Similarly, a MESSAGE request from Section 3.3 (Configuration vs. Pager Messaging) might need to pass through a message server for filtering when it is associated with chat, but not when it is associated with config. Consider a filter which gets applied to MESSAGE requests, and that filter runs in a server in the network. The filter operation prevents user Joe from sending messages to user Bob that contain the words "stock" or "purchase", due to some regulations that disallow Joe and Bob from discussing stock trading. However, a MESSAGE for configuration purposes might contain an XML document that uses the token "stock" as some kind of attribute. This configuration update would be discarded by the filtering server, when it should not have been.
TOC |
The IP network can provide differing levels of Quality of Service (QoS) to IP packets. This service can include guaranteed throughput, latency, or loss characteristics. Typically, the user agent will make some kind of QoS request, either using explicit signaling protocols (such as RSVP) or through marking of Diffserv value in packets. The network will need to make a policy decision based on whether these QoS treatments are authorized or not. One common authorization policy is to check if the user has invoked a service using SIP that they are authorized to invoke, and that this service requires the level of QoS treatment the user has requested.
For example, consider IPTV and multimedia conferencing as described in Section 3.1 (IPTV vs.
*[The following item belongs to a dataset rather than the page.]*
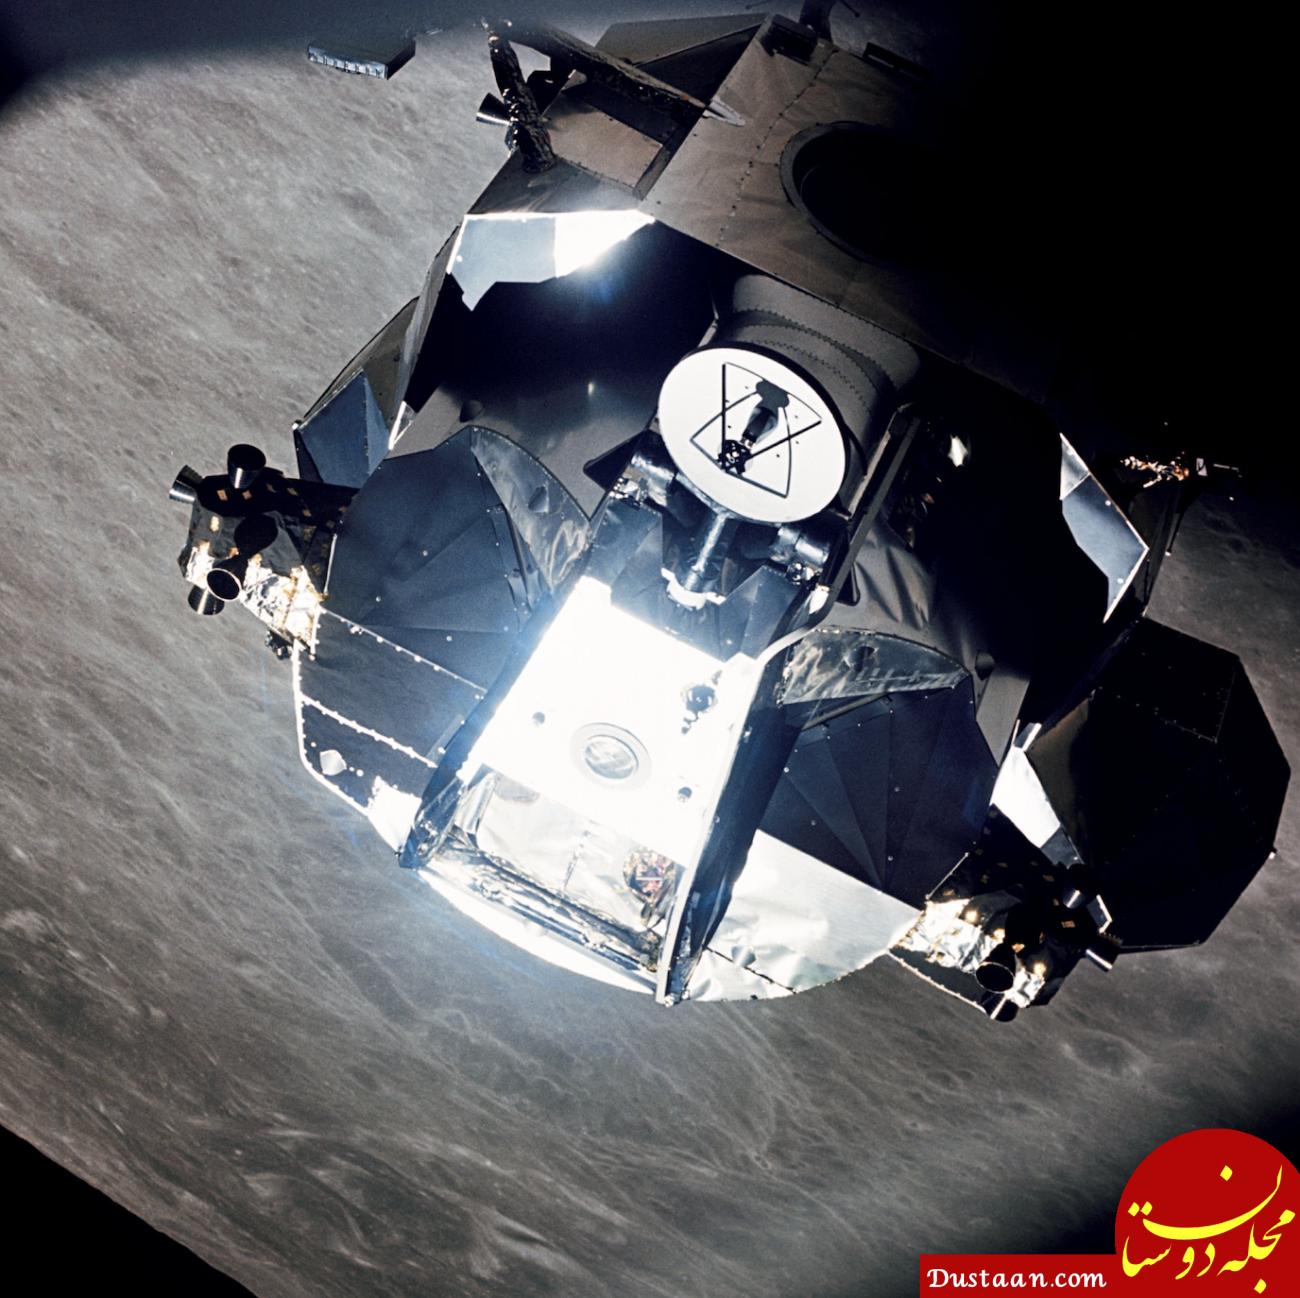 ماجرای سفر پرماجرای فضانوردان آپولو ۱۰
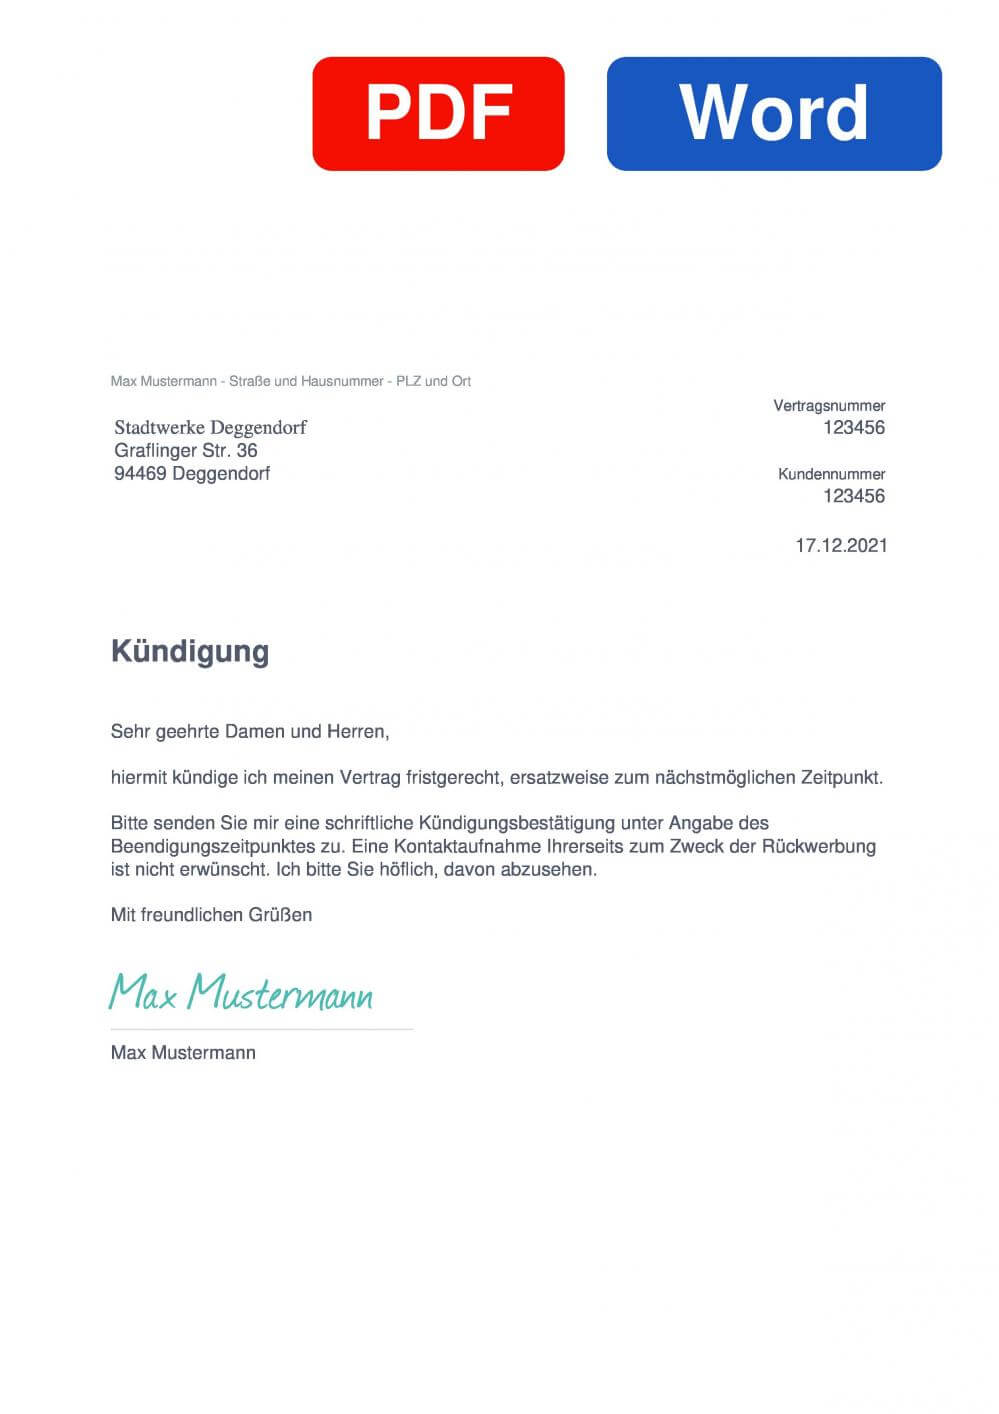 Stadtwerke Deggendorf Muster Vorlage für Kündigungsschreiben

Multimedia). IPTV is a non-real time service. Consequently, media traffic for IPTV would be authorized for bandwidth guarantees, but not for latency or loss guarantees. On the other hand, multimedia conferencing is real time. Its traffic would require bandwidth, loss and latency guarantees from the network.
Consequently, if a user should make an RSVP reservation for a media stream, and ask for latency guarantees for that stream, the network would like to be able to authorize it if the service was multimedia conferencing, but not if it was IPTV. This would require the server performing the QoS authorization to know the service associated with the INVITE that set up the session.
TOC |
Frequently, a network administrator will want to authorize whether a user is allowed to invoke a particular service. Not all users will be authorized to use all services that are provided. For example, a user may not be authorized to access IPTV services, whereas they are authorized to utilize multimedia processing. A user might not be able to utilize a multiplayer gaming service, whereas they are authorized to utilize voice chat services.
Consequently, when an INVITE arrives at a server in the network, the server will need to determine what the requested service is, so that the server can make an authorization decision.
TOC |
Service authorization and accounting/billing go hand in hand. One of the primary reasons for authorizing that a user can utilize a service is that they are being billed differently based on the type of service. Consequently, one of the goals of a service identity is to be able to include it in accounting records, so that the appropriate billing model can be applied.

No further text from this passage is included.